Problem statement:
Drop the pictures and repeat the remaining data exactly.

___ Collected data

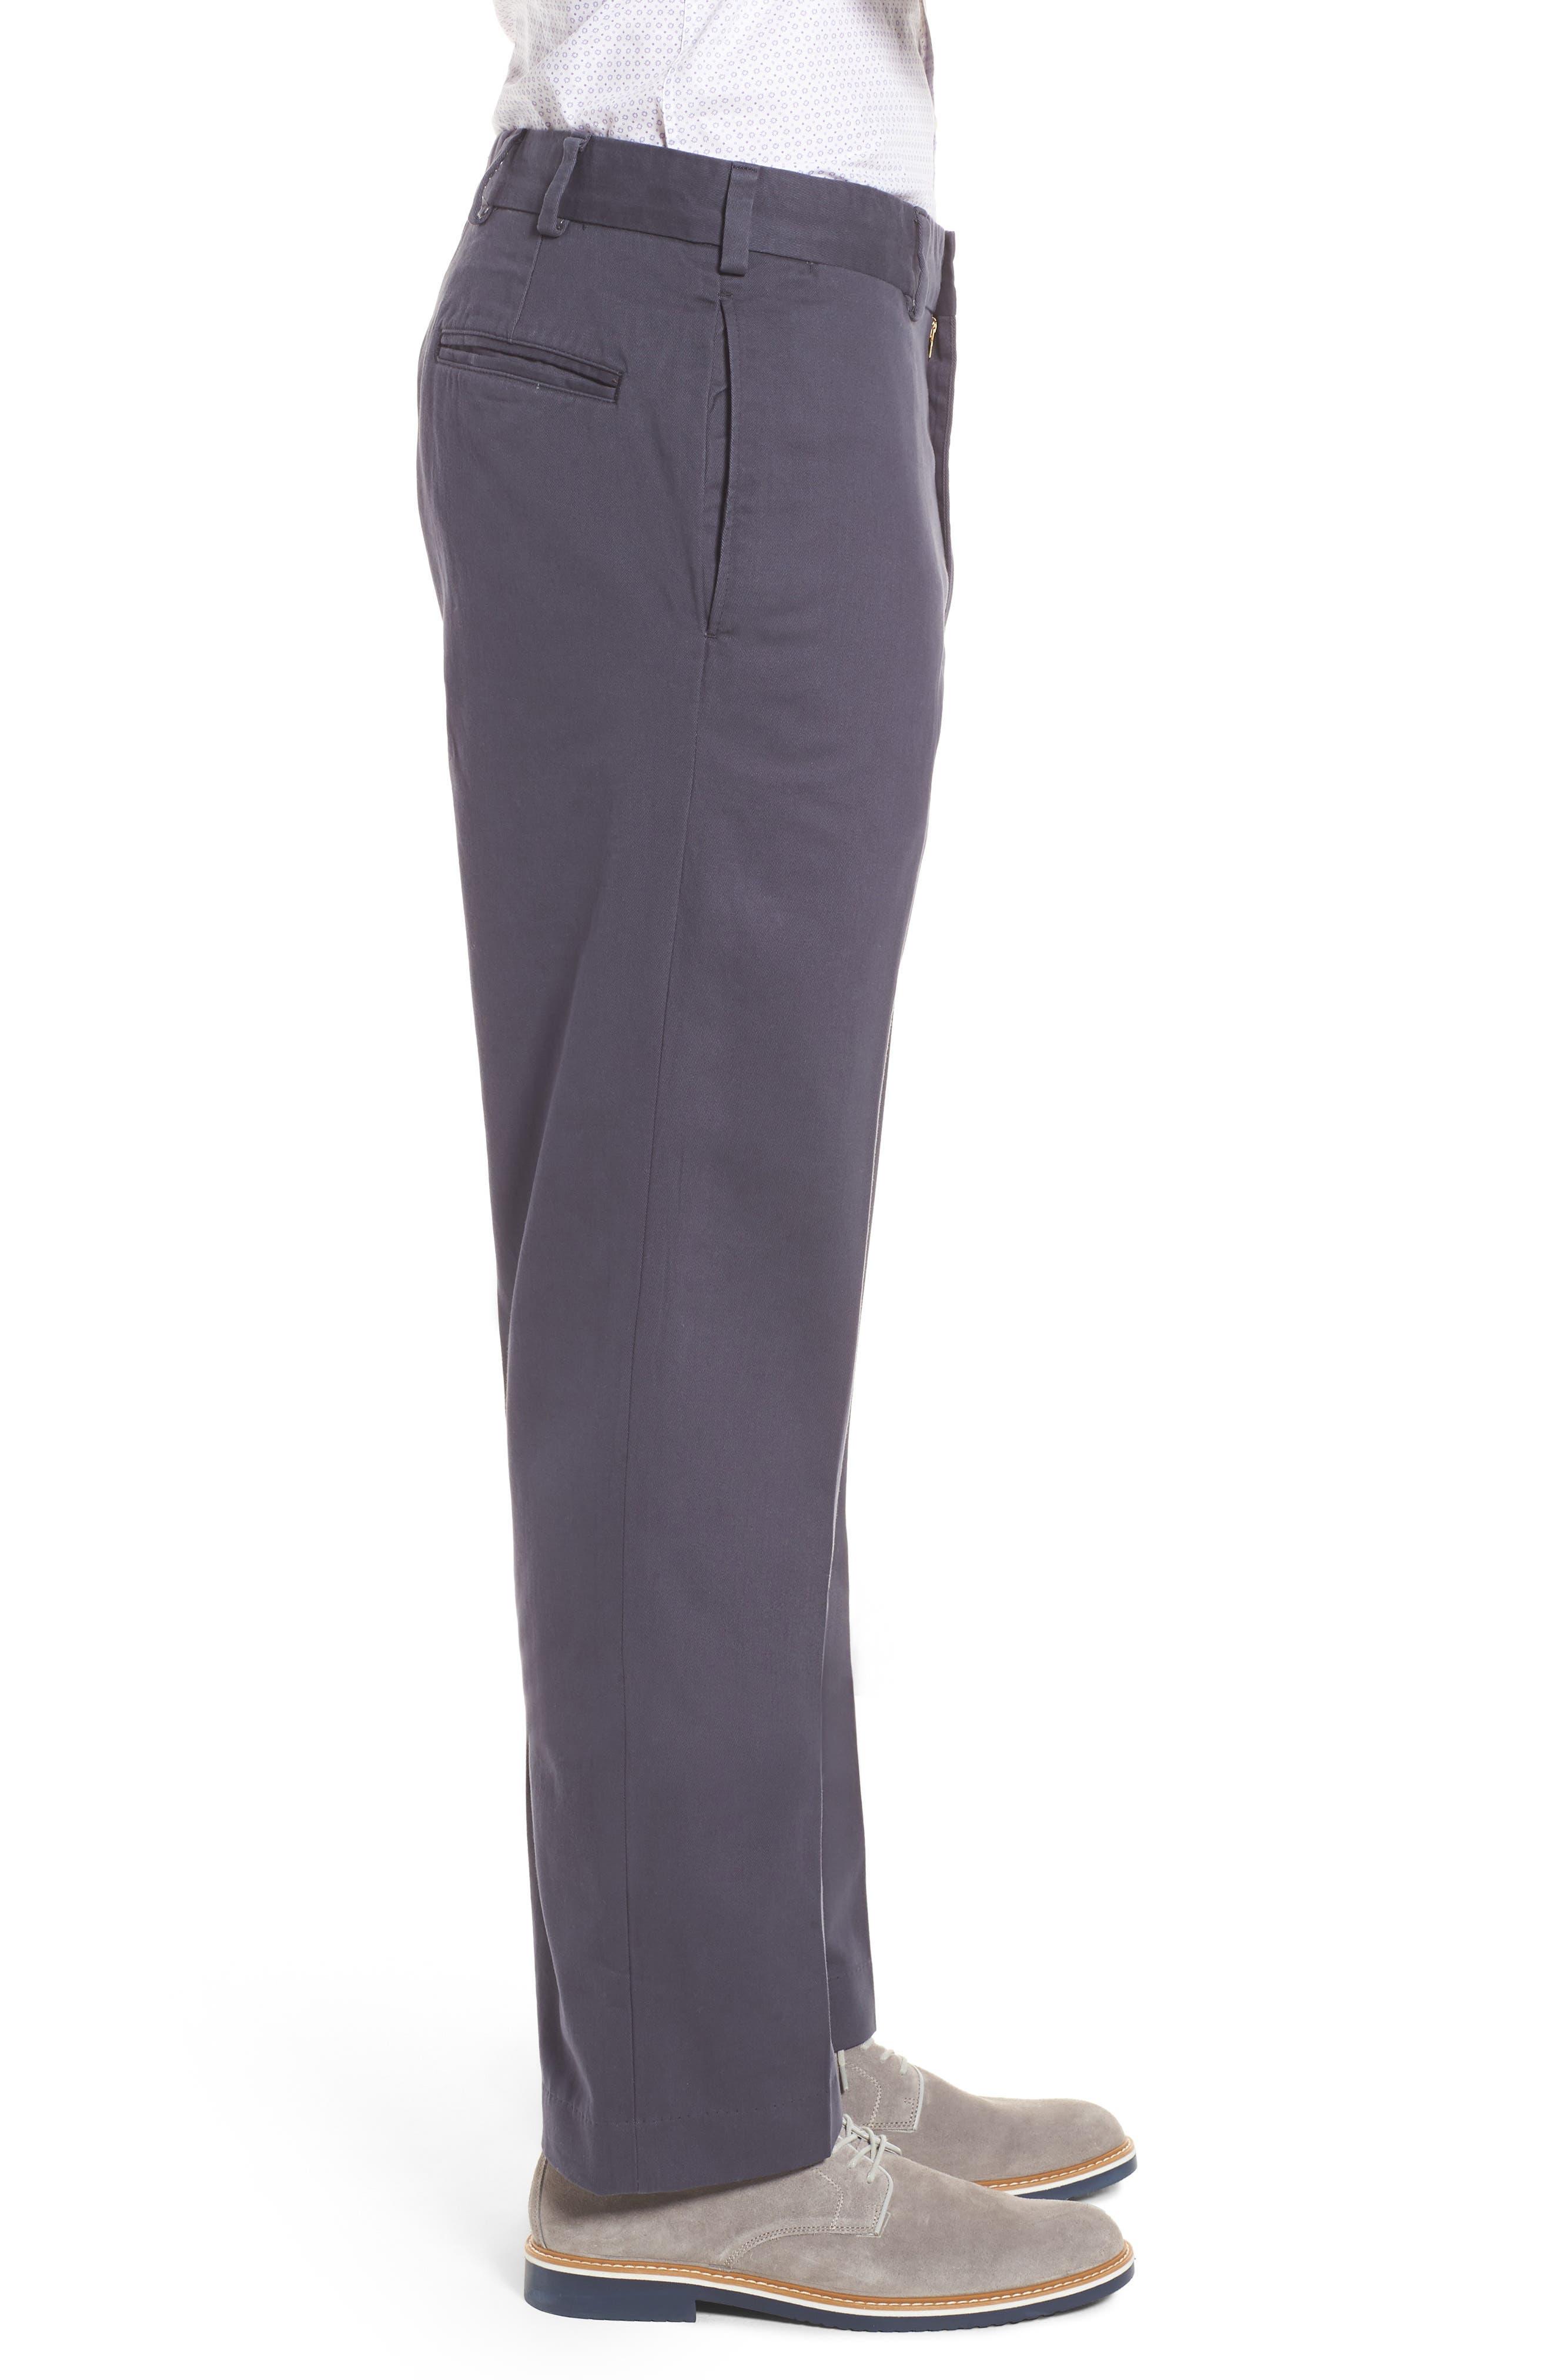 M2 Classic Fit Flat Front Vintage Twill Pants,                             Alternate thumbnail 3, color,                             410
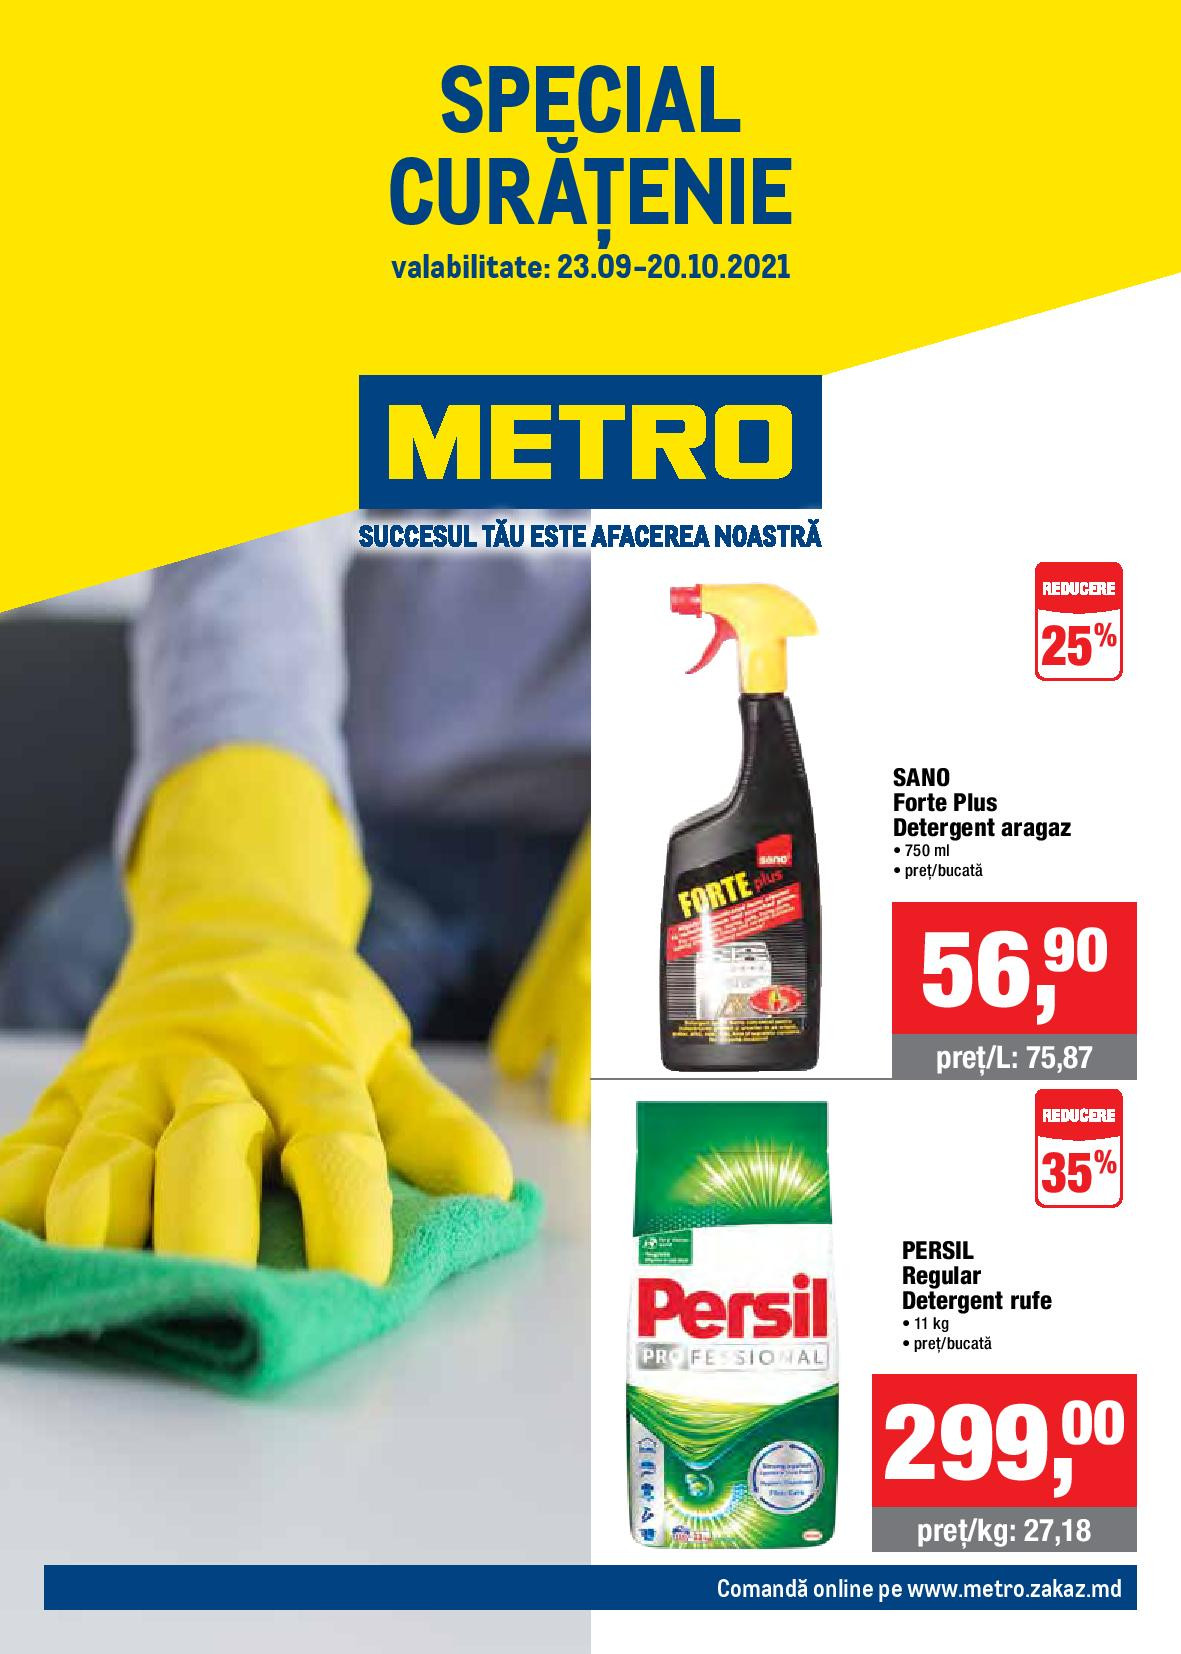 METRO: Catalog Special Curățenie (NR. 20)
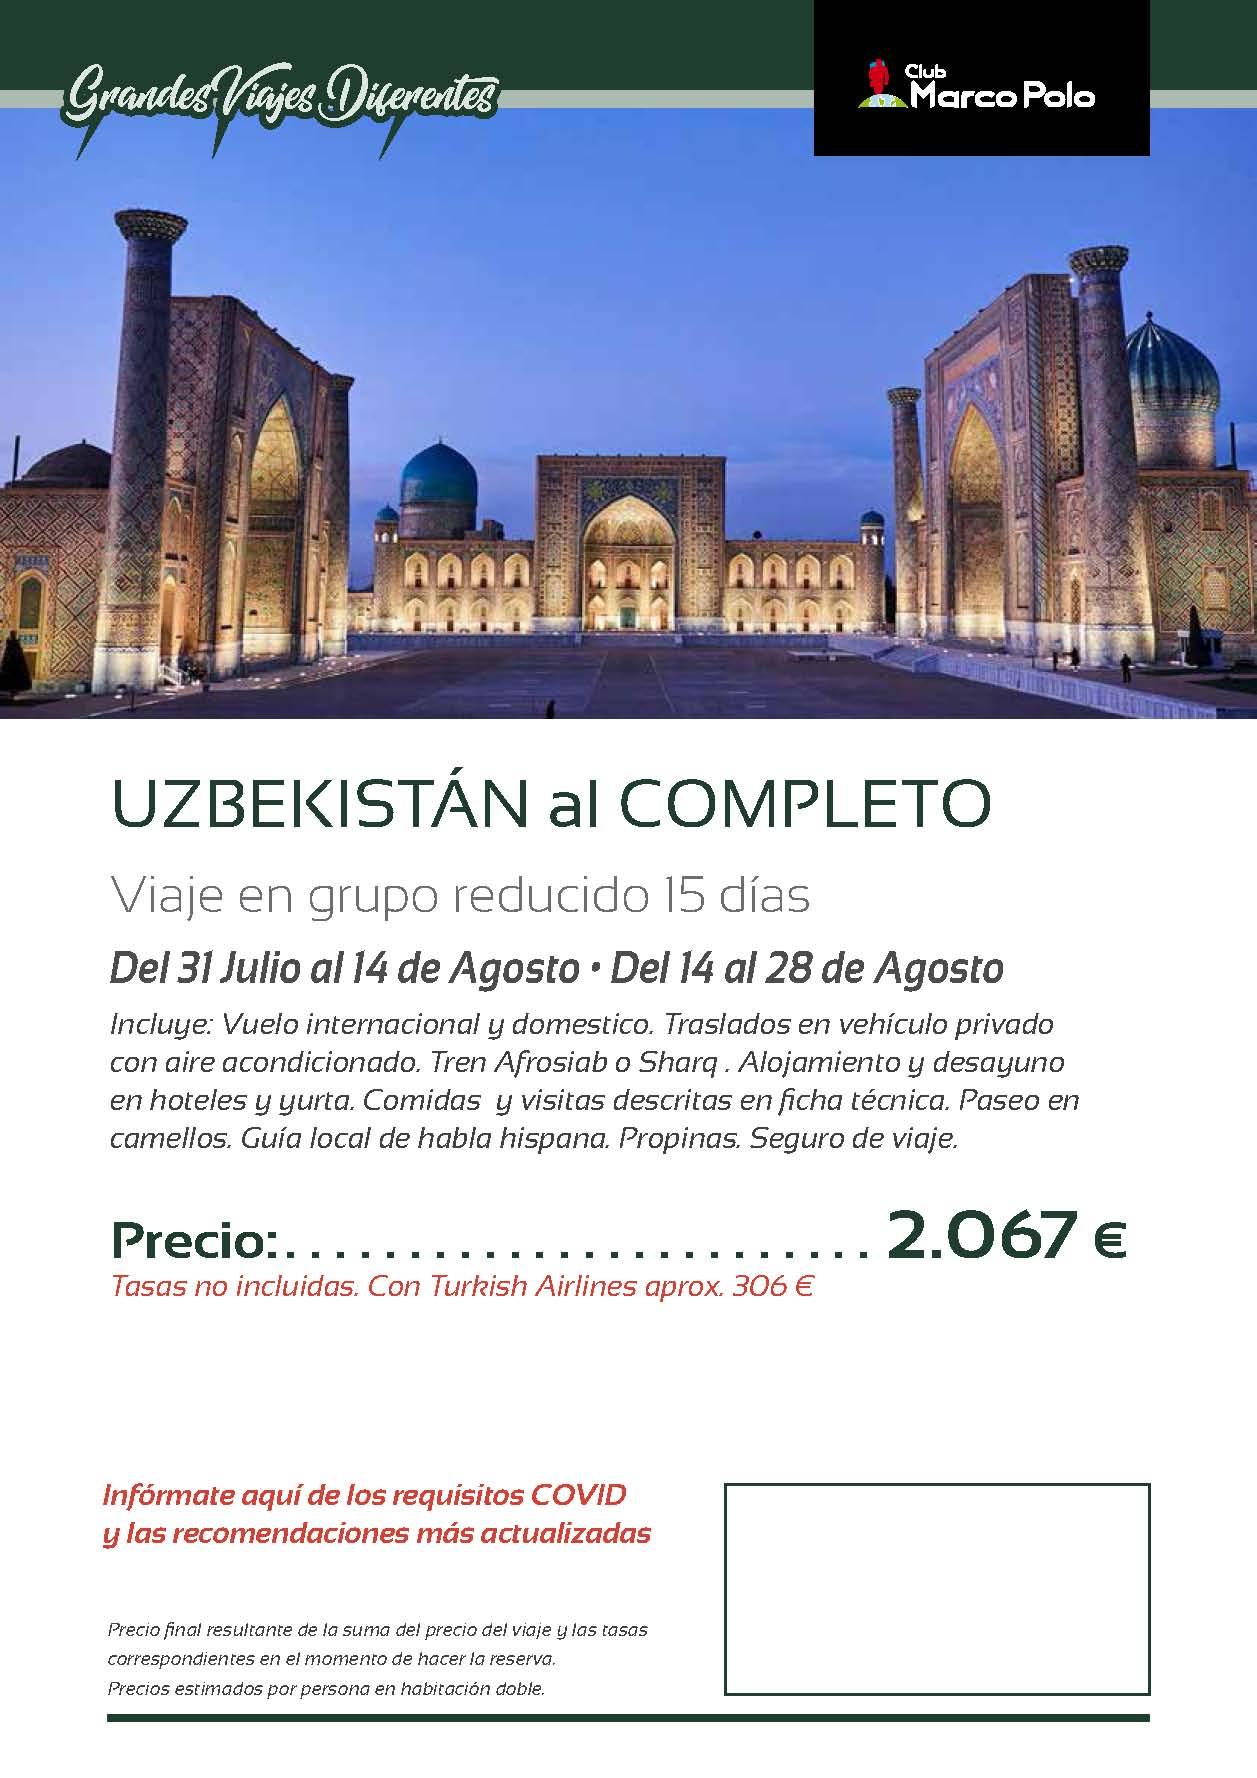 Oferta Club Marco Polo viaje a Uzbekistan Julio 2021

______

Your response:
 M2 Classic Fit Flat Front Vintage Twill Pants,                             Alternate thumbnail 3, color,                             410
 METRO: Catalog Special Curățenie (NR. 20)
 Oferta Club Marco Polo viaje a Uzbekistan Julio 2021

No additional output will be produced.